Compound screening and validation studies
Achievements of ESNATS and future directions
Achievements of the ESNATS consortium
Novel in vitro systems have been established that recapitulate critical processes of human central nervous system development; standardization of test systems and sufficient reproducibility have been accomplished
Analyses of broader sets of test compounds must show if all in vivo relevant processes of DNT are represented; eventually optimizations will be required; hESC-based systems may be replaced by iPSC technologies
Procedures of handling of genome-wide complex data have been optimized and standardized: normalization based on optimized frozen RMA, cluster identification, recognition of biological motifs, stability analyses and identification of over-represented transcription factors
Future studies will have to identify the most efficient and accurate techniques of complexity reduction; e.g., are transcription factor-based classification systems superior over gene-based classifiers?
Classifiers for identification of DNT compounds are available; a blinded classification study correctly differentiated DNT compounds from negative controls
Current textbooks do not adequately categorize DNT compounds. Novel more accurate classification systems of DNT and DT have to be developed
The human hepatic metabolism has been included by cultures of primary human hepatocytes and culture medium transfer. Improved techniques of metabolic modeling are available.
Besides the available ‘medium transfer techniques’ more direct technologies of metabolite transfer to the target cells are needed, eventually based on the ‘body-on-a-chip’ principle
PBPK-based techniques for analyses of in vivo relevant concentration are available; in vitro–in vivo extrapolation to the prenatal situation is possible. PBPK modeling has been integrated into spatio-temporal models.

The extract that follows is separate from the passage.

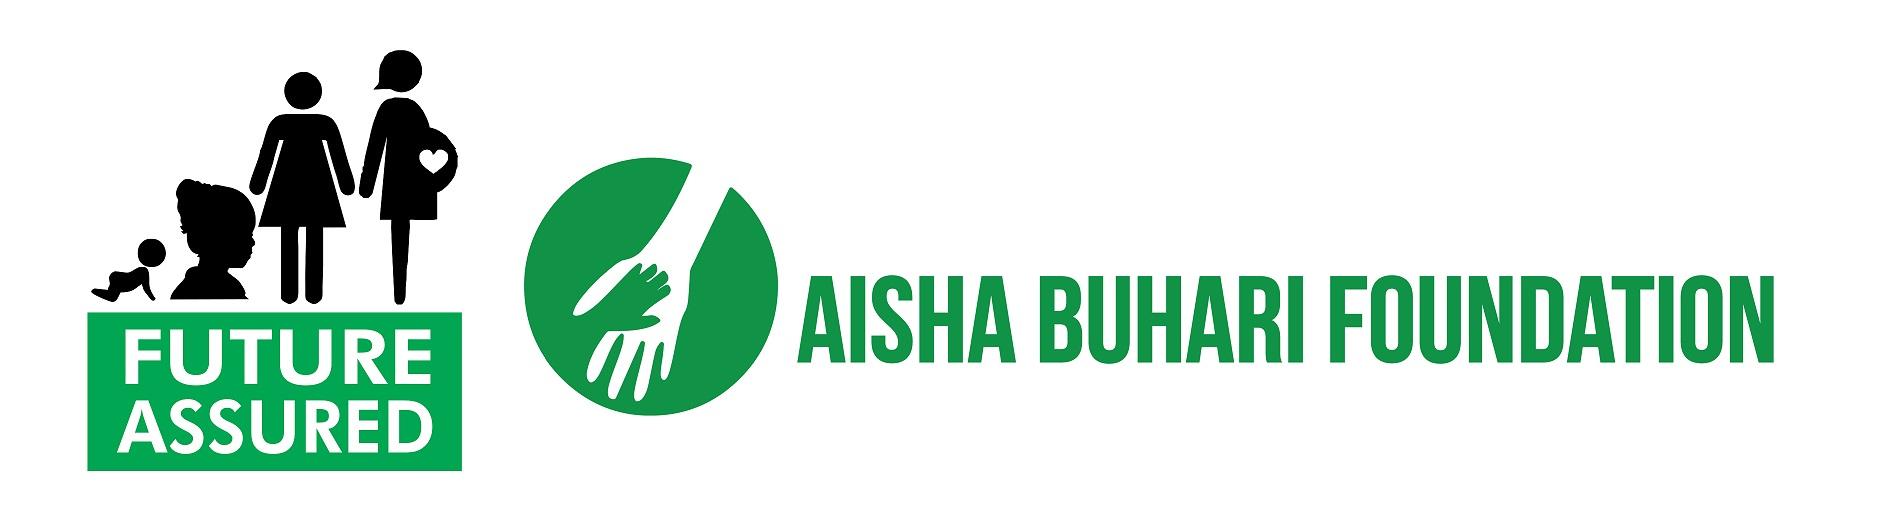 Aisha Buhari Foundation

The precision of in vitro-in vivo extrapolation of test compound concentrations must be improved and confirmed, including in vivo analyses of test compound and metabolite concentrations as well as the possibility to predict in vivo concentrations by modeling
The basic principles of concentration and time-resolved compound effects are understood; e.g., unspecific toxicity associated signatures (such as downregulation of metabolic functions) can be differentiated from specific events of dysregulated neuronal development. ‘Waves of development’ in vitro show a high degree of similarity to the in vivo situation.
Control mechanisms of ‘waves of development’ and their susceptibility to chemicals still have to be understood and modeled; a causal understanding of disturbed expression waves and adverse effects in vivo still has to be established.
Human stem cell-based in vitro test systems have been established in ESNATS that recapitulate relevant processes of the developing human central nervous system. A proof-of-concept study demonstrated that compounds causing developmental neurotoxicity can be identified in these systems. Further, projects should be initiated to study a broader range of chemicals and to optimize the test systems. It has become clear that stem cell-based in vitro systems will become an accurate, fast and cost-effective tool for identification of toxic compounds in the broad field of developmental toxicity. This will be a major contribution to human safety.